Financial institutions need to think ahead to Basel V as both governments and financial sector firms emphasise that the next big wave of regulation will result in fundamental changes in business practices. These changes will result in huge disruption, re-pricing and re-ranking of asset valuations, radically transforming the business landscape as we know it.
The good news is that financial institutions that plan ahead and get a solid structure in place to manage their climate risk will be in a strong competitive position by the time that Basel V arrives. As in all change scenarios, there can be as much upside opportunity as there is downside risk. The skill is judging how to get on the upside path.
We can already start piecing together the roadmap to Basel V. Negotiations have been taking place on transition paths to net zero in the build-up to the United Nations Climate Change Conference – otherwise known as COP26 – in November 2021. We also see ongoing alignment of the G7, G20, and a larger group of central banks under the Network for Greening the Financial System (NGFS) and Basel IV requirements.
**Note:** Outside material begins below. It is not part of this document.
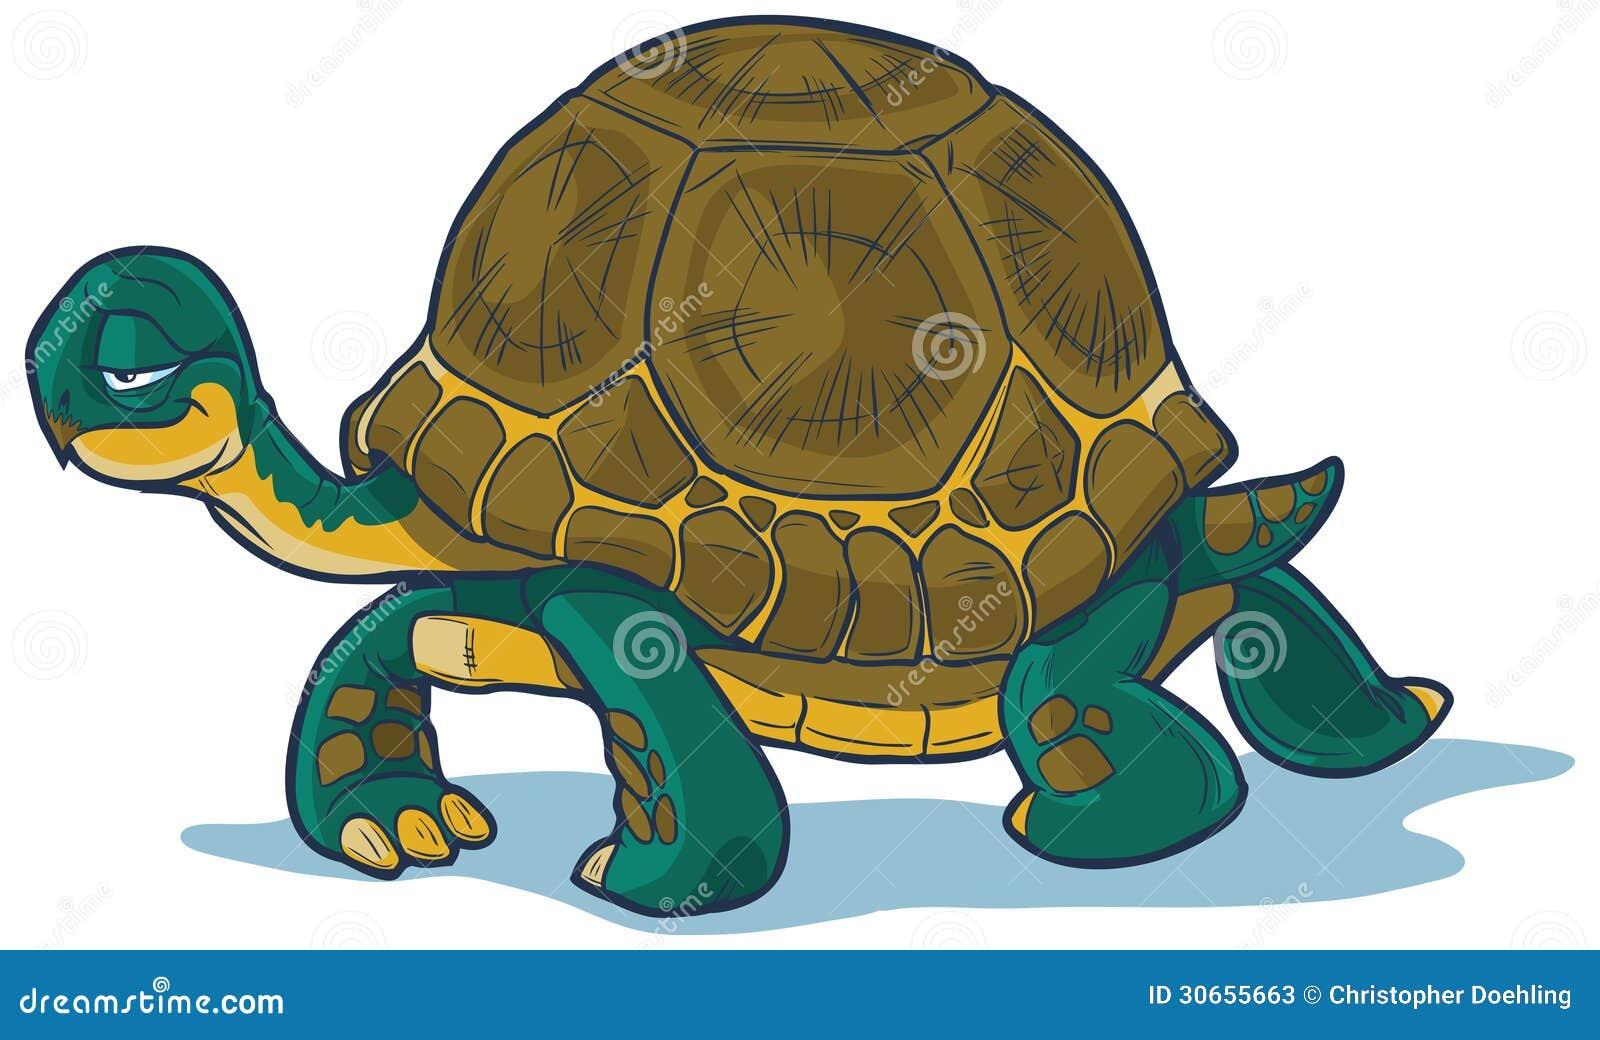 Turtle Cartoon Images Stock Photos amp Vectors  Shutterstock

At COP26, we expect to see nearly 200 countries start to align their plans around de-carbonisation timeline commitments and international standards for carbon pricing and tax. These are all designed to achieve net zero outcomes faster than otherwise possible. This will stimulate activity around sustainable finance and help inform the new text for the future Basel V standards.
The outcome will be a new world order where financial data and controls meet environmental data and controls. This combination will require a business-wide mesh of risk and operational controls where all lines of business and group functions will change. Basel V will, therefore, be climate risk-focused and have as much, if not more, of a disruptive effect on banks than Basel IV’s FRTB is right now.
Basel V will create overwhelming complexities for financial institutions’ data teams. To remain compliant in the future, they need to understand how to model unstructured, non-financial data, most of which they have little or no experience in managing. This data will be costly to obtain, manage, process and act upon, putting incredible pressure on already tight margins.
To succeed, financial institutions will need access to accurate data. There is a whole discussion going on right now about how to address open climate data in order to accelerate the transition to a net-zero carbon (and other greenhouse gas) emissions environment globally. Companies will then need automated support in the form of artificial intelligence (AI) and machine learning (ML) to crunch the numbers. They will also need new specialist skills in risk model development, and expert subject matter analysts to make sense of it.
Fast and Large: Financial institutions will urgently need to obtain climate risk data rapidly and at huge scale. This will require an immense amount of storage space.
Alternative: While financial institutions are used to crunching financial data, climate risk data is very different. It’s unstructured, non-financial, environmental-based data at both a micro and macro level.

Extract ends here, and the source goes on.